Work request → Repeat the stretch of entries below from the line with "Black Swivel Chair" through the line with "Free Ridge Racer". Include both ends and add nothing.

Records shown →

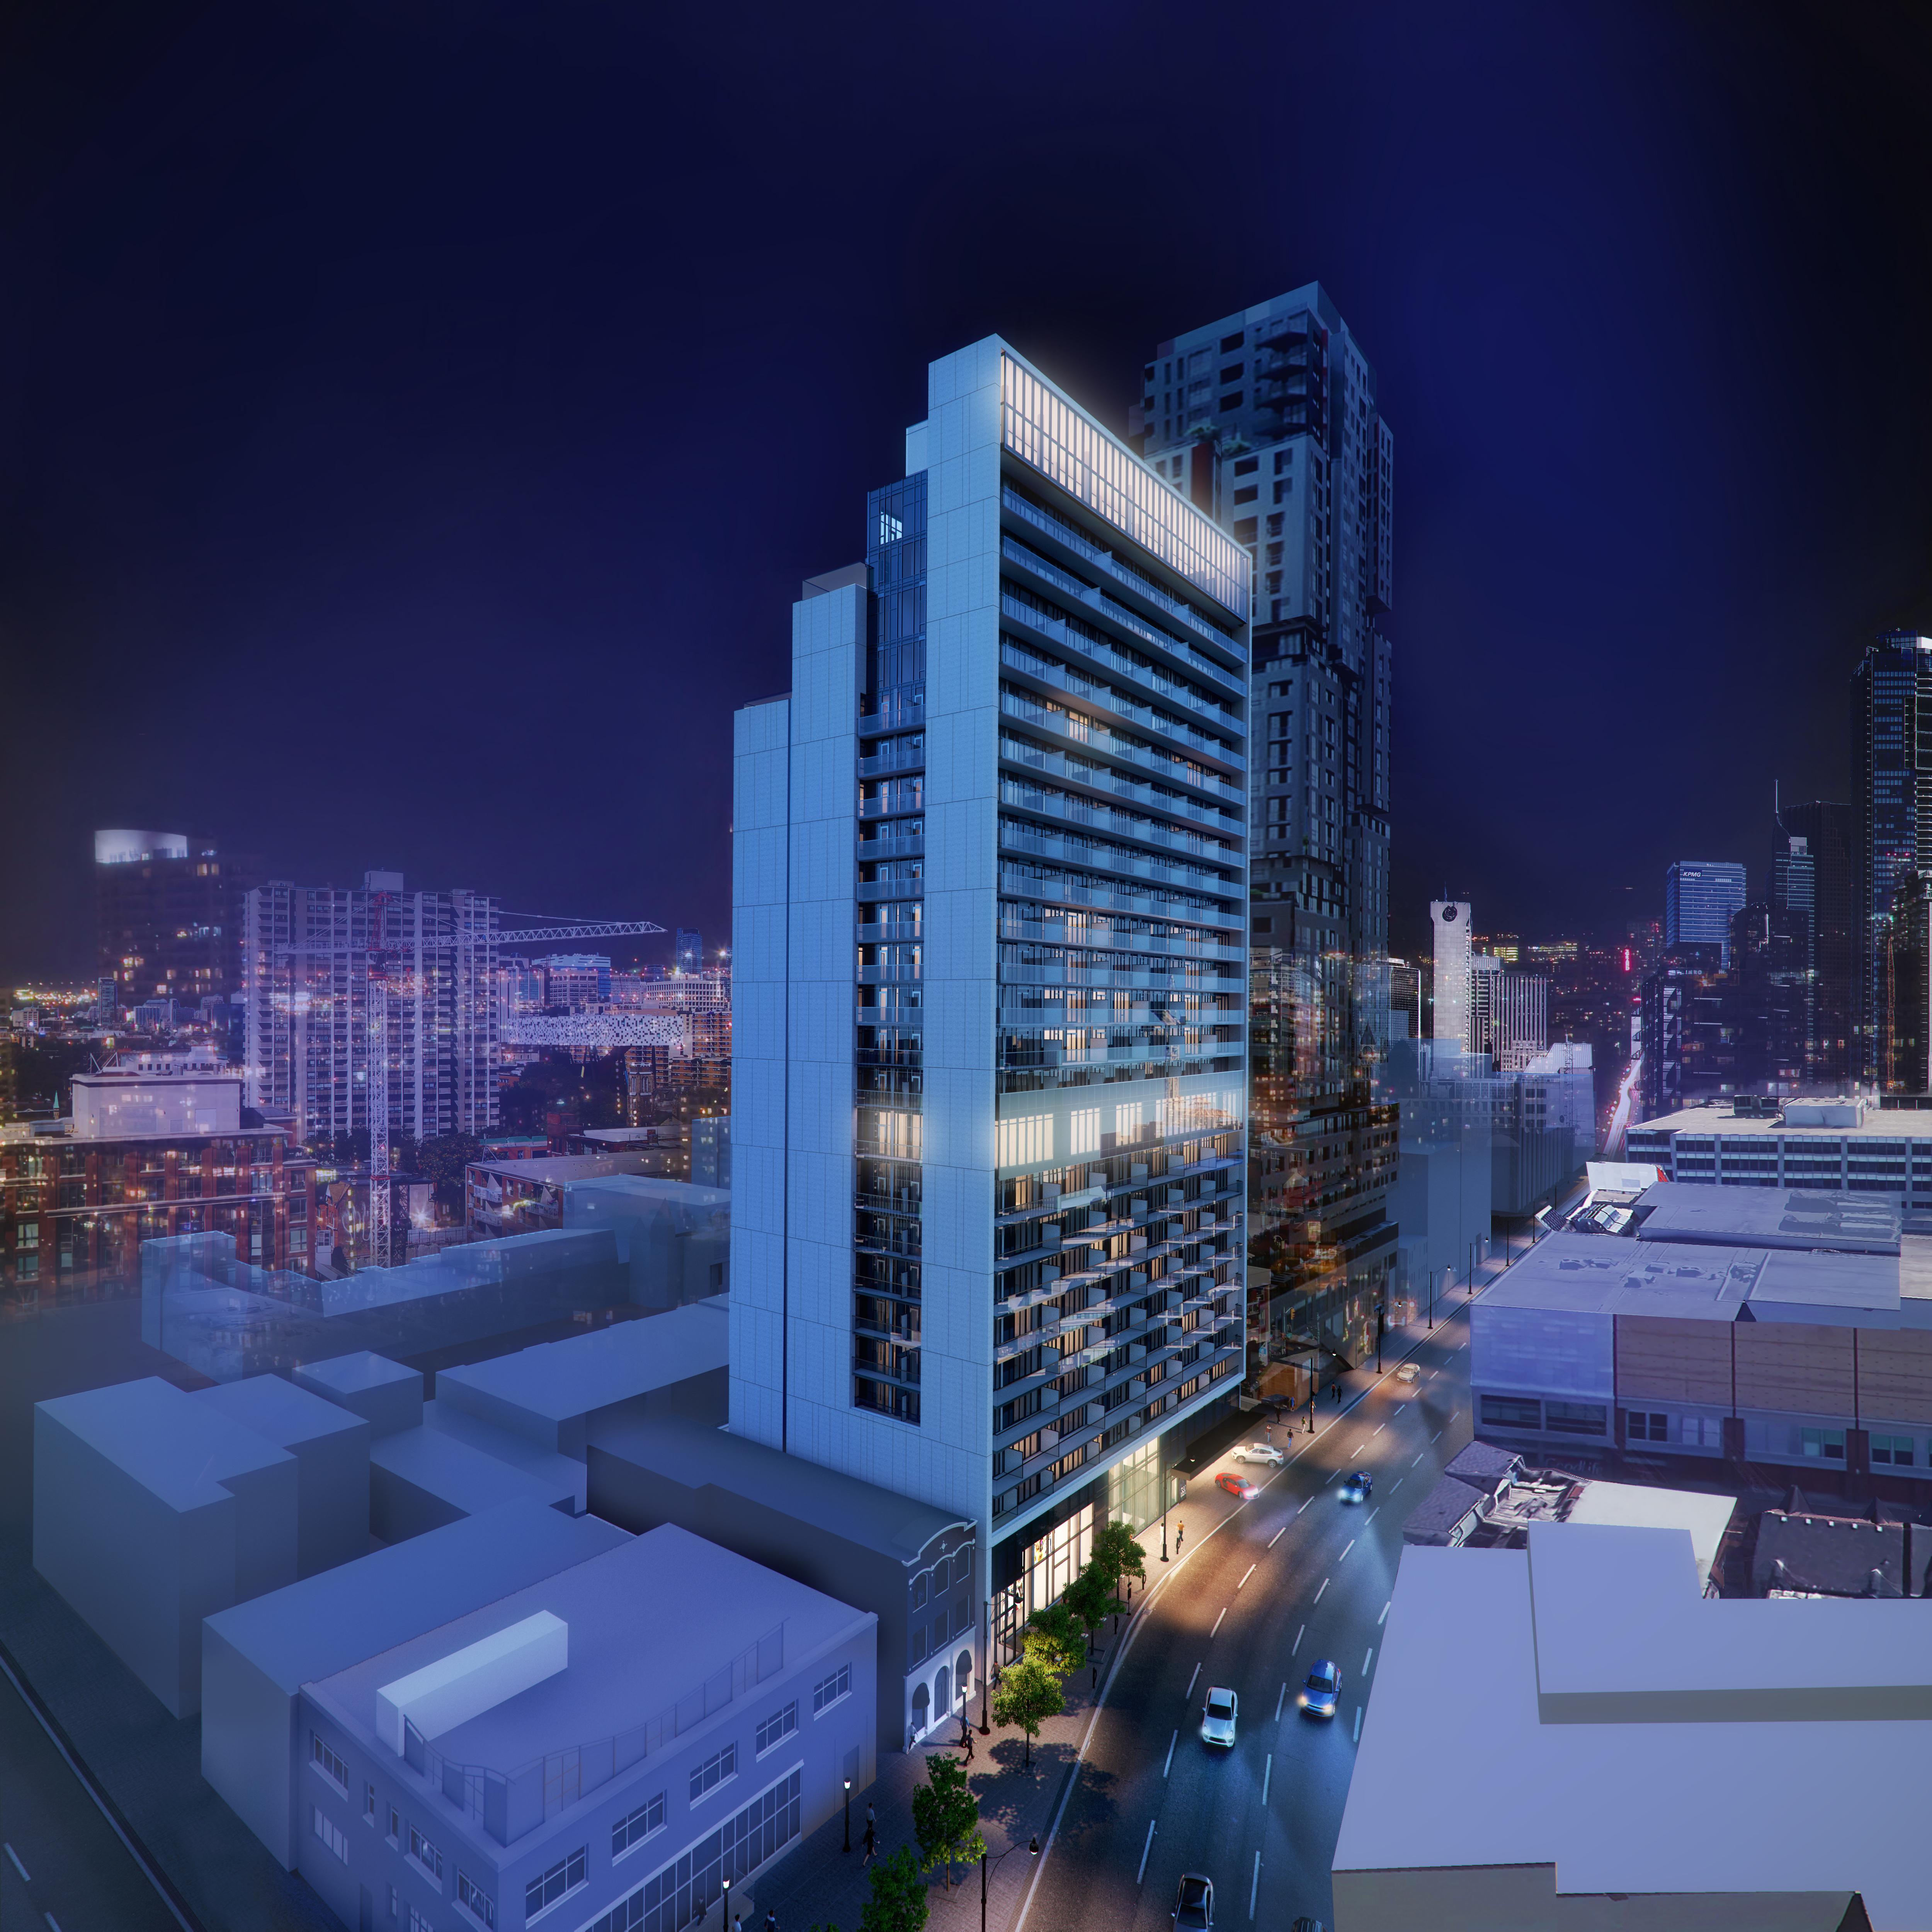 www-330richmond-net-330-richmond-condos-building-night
---
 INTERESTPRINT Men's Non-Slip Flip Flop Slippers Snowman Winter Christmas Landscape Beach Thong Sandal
==
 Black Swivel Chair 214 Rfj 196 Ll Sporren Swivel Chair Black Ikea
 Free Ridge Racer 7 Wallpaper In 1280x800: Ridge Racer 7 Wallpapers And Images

Worked solution →
 Black Swivel Chair 214 Rfj 196 Ll Sporren Swivel Chair Black Ikea
 Free Ridge Racer 7 Wallpaper In 1280x800: Ridge Racer 7 Wallpapers And Images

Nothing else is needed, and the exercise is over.